CPU: Ryzen 7 6800H OS: Windows 11 Build Mode: Release Compiler: MSVCx64 19.44.35214 Config: pin_threads = false
Benchmark | Runs | Mean Time | Min Time | Max Time | Cost of 1 task +- |
---|---|---|---|---|---|
Dependent chain (1000 tasks) | 5 | 0.00579 s | 0.00491 s | 0.00765 s | ~3–4 μs per node |
Independent tasks (1000) | 5 | 1.5283 s | 1.41794 s | 1.64484 s | — |
Independent batched (1000, batch=10) | 5 | 1.41718 s | 1.39467 s | 1.44458 s | ~7–20% faster, than without batch |
Parallel_for (1e6 elements) | 5 | 0.54729 s | 0.53645 s | 0.57182 s | — |
Workflow (width=10, depth=5) | 5 | 0.00161 s | 0.00147 s | 0.00179 s | ~30–35 μs for all DAG |
Noop tasks (1 000 000) | 5 | 4.411 s* | 4.37711 s | 4.48551 s | ~4.7–4.8 μs per task |
- Numbers may vary with CPU governor, background load, and configuration.
Compare with TBB
Benchmark | Problem size | My TP mean (s) | TBB mean (s) | Speedup (TP / TBB) | TP throughput | TBB throughput |
---|---|---|---|---|---|---|
Dependent chain | 1000 tasks | 0.00579 | 0.00288156 | 2.01× | ~172,712 tasks/s | ~347,034 tasks/s |
Independent tasks | 1000 tasks | 1.52830 | 1.25051 | 1.22× | ~654.3 tasks/s | ~799.7 tasks/s |
Independent batched | 1000 (batch=10) | 1.41718 | 1.30121 | 1.09× | ~705.6 tasks/s | ~768.5 tasks/s |
parallel_for(old) | 1,000,000 elems | 0.54729 | 0.0268362 | 20.39× | ~1.83M elems/s | ~37.26M elems/s |
for_each_ws (new) | 1,000,000 elems | 0.00957 | 0.0268362 | 0.36×* | ~104.5M elems/s | ~37.26M elems/s |
Workflow (w=10,d=5) | ~50 stage ops | 0.00161 | 0.00029248 | 5.50× | — | — |
Noop tasks | 1,000,000 tasks | 4.411 | 0.225568 | 20.75× | ~213,630 tasks/s | ~4,433,253 tasks/s |
*
- (2.8× faster than TBB)
For each versions
For each version | Runs | Mean Time | Min Time | Max Time | Notes / Speedup |
---|---|---|---|---|---|
for_each (static chunking) | 5 | 0.01761 s | 0.01456 s | 0.02074 s | baseline |
for_each_ws (range stealing) | 5 | 0.00957 s | 0.00855 s | 0.01058 s | ~1.84× faster vs static |
for_each_ws (range stealing) — Lazy binary range partitioning with stealing "upper" halves (help-first). Uniform loading of threads on uneven load and less "tails". Compatible only with RA iterators.

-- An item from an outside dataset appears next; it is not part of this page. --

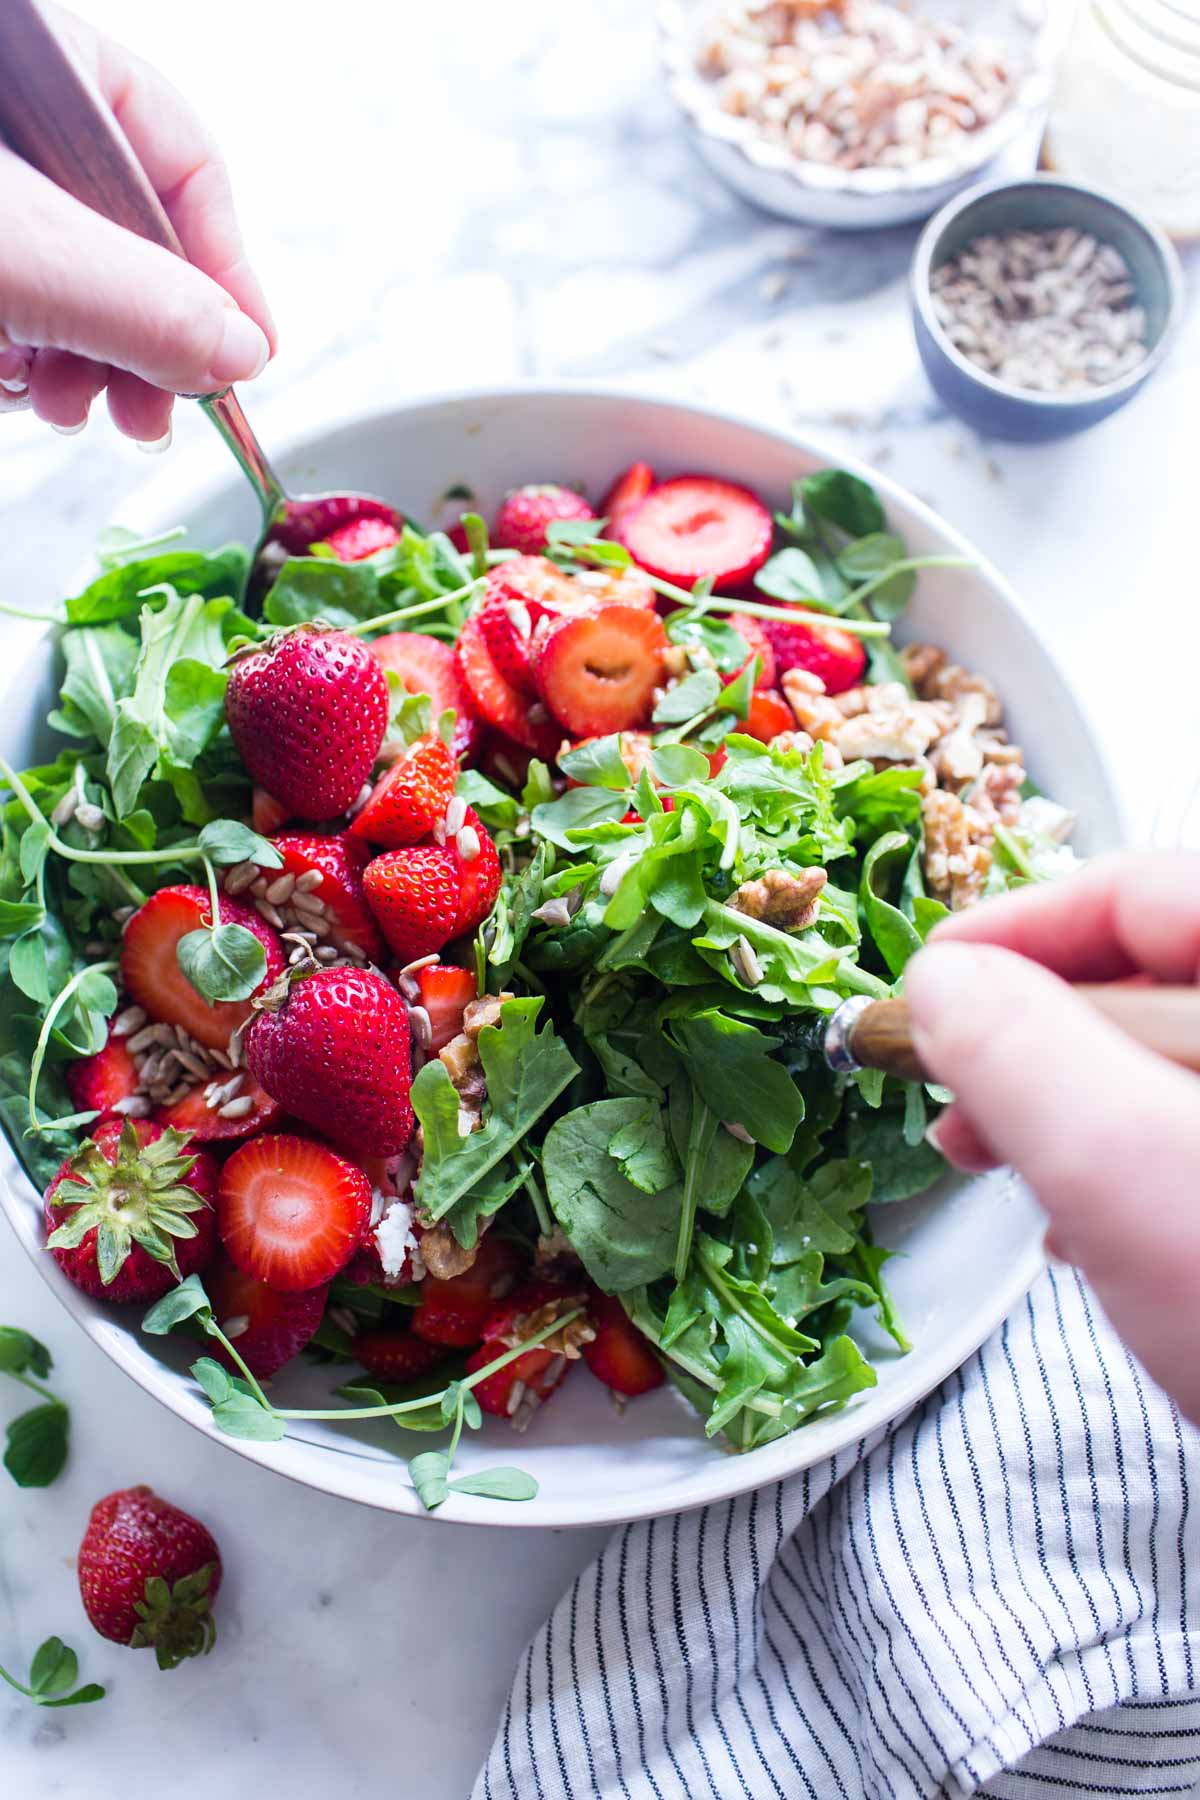 Tossing a salad with arugula strawberries and goat cheese.
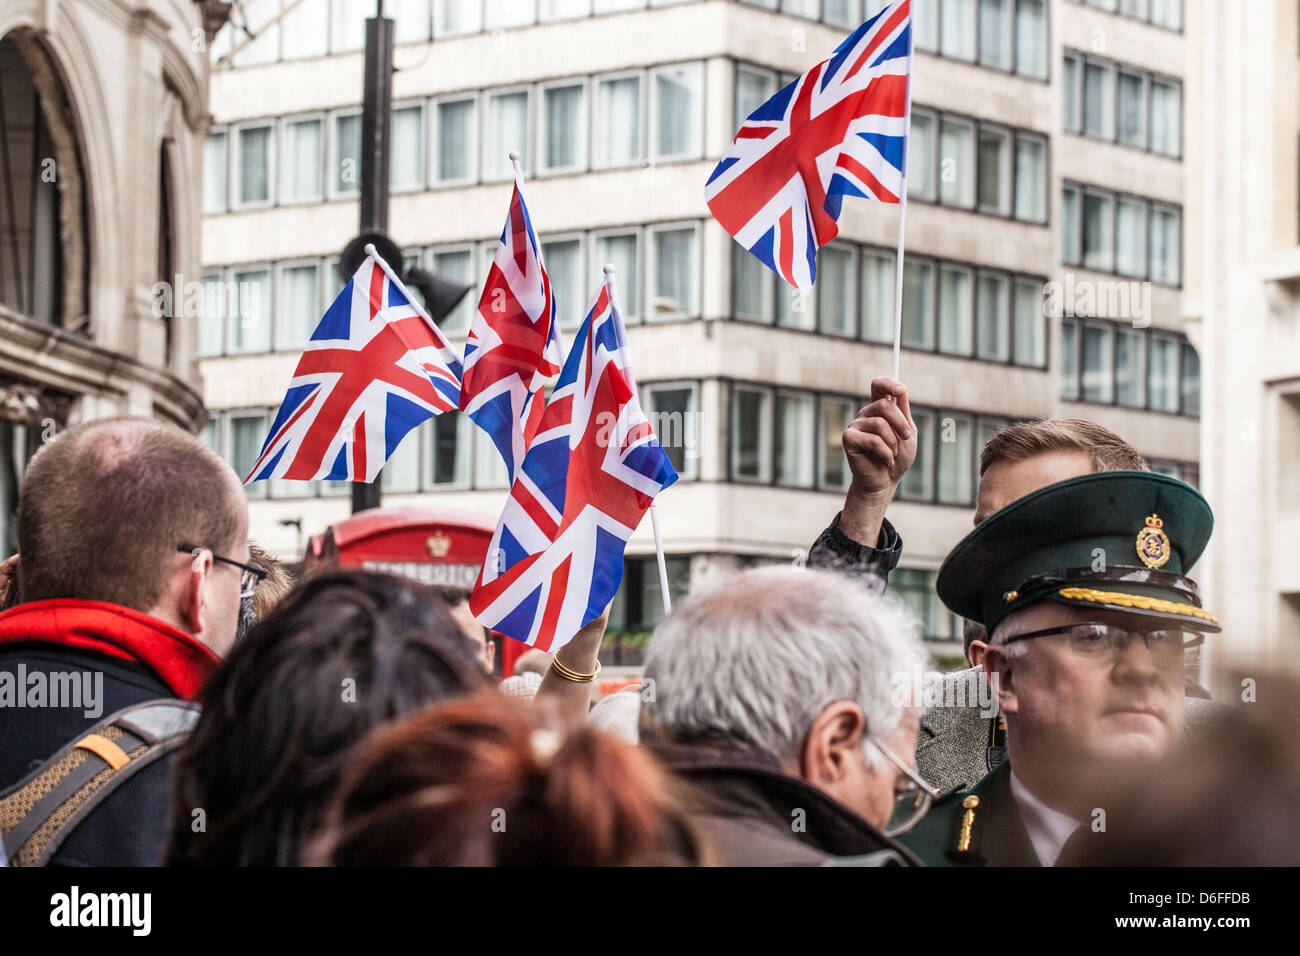 Supporters holding Union Jack flags at the funeral of Lady Thatcher, London, England, UK. Stock Photo

git clone https://github.com/cpp20120/DagFlow.git
cd DagFlow
cmake -B build -DTp_BUILD_EXAMPLES=ON
cmake --build build --config Release
How to use at your cmake project
- Via
add_subdirectory
:
add_subdirectory(external/DagFlow)
add_executable(my_app main.cpp)
target_link_libraries(my_app PRIVATE DagFlow)
- Via
find_package
:
find_package(DagFlow REQUIRED)
add_executable(my_app main.cpp)
target_link_libraries(my_app PRIVATE DagFlow::DagFlow)
find_package
works after cmake --install.
2.5 On windows add to your target:
if (WIN32 AND TP_BUILD_SHARED)
add_custom_command(TARGET ${CMAKE_PROJECT_NAME} POST_BUILD
COMMAND ${CMAKE_COMMAND} -E copy_if_different
$<TARGET_FILE:DagFlow>
$<TARGET_FILE_DIR:my_app>
)
endif()
Exampe of usage: there
Minimal example
#include <dagflow.hpp>
dagflow::Pool pool;
dagflow::TaskScope scope(pool);
auto a = scope.submit([] { /* … */ });
auto b = scope.then(a, [] { /* … */ });
auto c = scope.when_all({a, b}, [] { /* … */ });
scope.run_and_wait();
Note: This pool is not yet optimized noop and non ws version of for_each microbenchmarks — missing chunk/range stealing and has a non-ideal queue implementation for such patterns. The focus is DAG execution, affinity control, and back-pressure.